Am heutigen Sonntagnachmittag demonstrierten auch in Kiel bis zu 1000 Menschen spontan gegen die Angriffe der türkischen Armee auf den Kanton Afrîn der selbstverwalteten Föderation im syrisch-kurdischen Rojava. Ab 15 Uhr hatten sich hunderte Demonstrant*innen auf dem Bahnhofsvorplatz versammelt und zogen anschließend lautstark zum Funkhaus des NDR am Wall, wo eine Abschlusskundgebung stattfand und die Demo sich gegen 17 Uhr auflöste.
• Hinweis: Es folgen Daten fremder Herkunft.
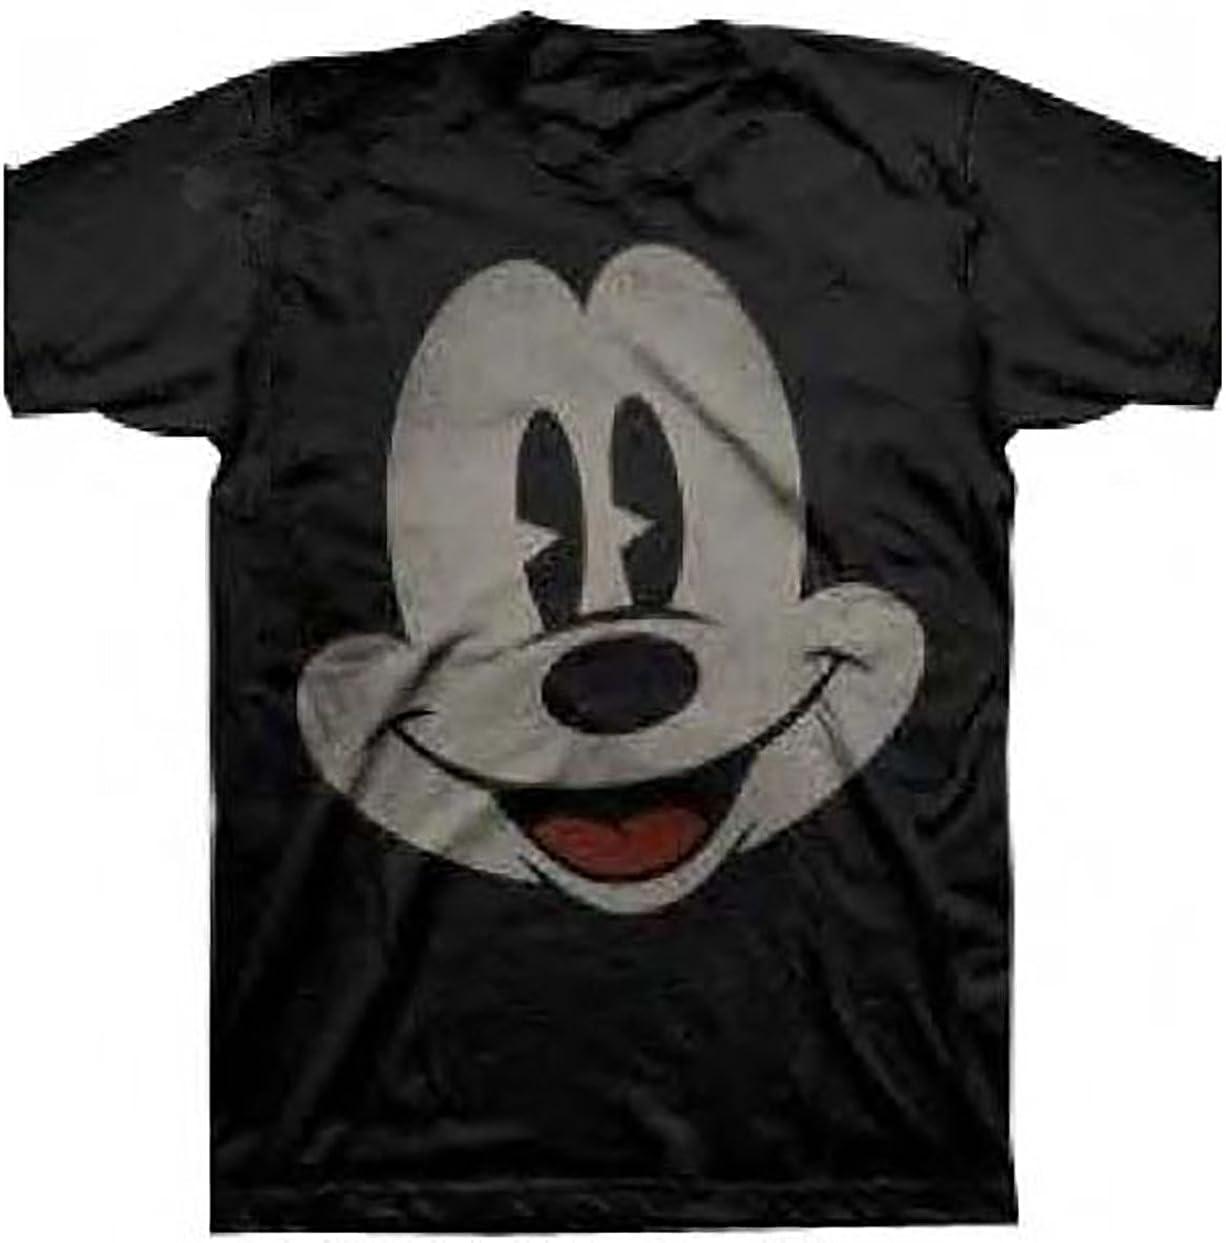 Disney Mickey Mouse Smile Face Boys Fashion Top T shirt

Seit Tagen wird der Westteil der Demokratische Föderation Nordsyrien durch türkische Artillerie beschossen, ein Einmarsch von Bodentruppen hat bereits begonnen, stößt aber auf Gegenwehr der Kurdischen Selbstverteidigungseinheiten YPG/YPJ. Die kriegerische Aggression des Erdogan-Regimes in Rojava wird bisher sowohl von den NATO-Staaten, als auch von Russland geduldet.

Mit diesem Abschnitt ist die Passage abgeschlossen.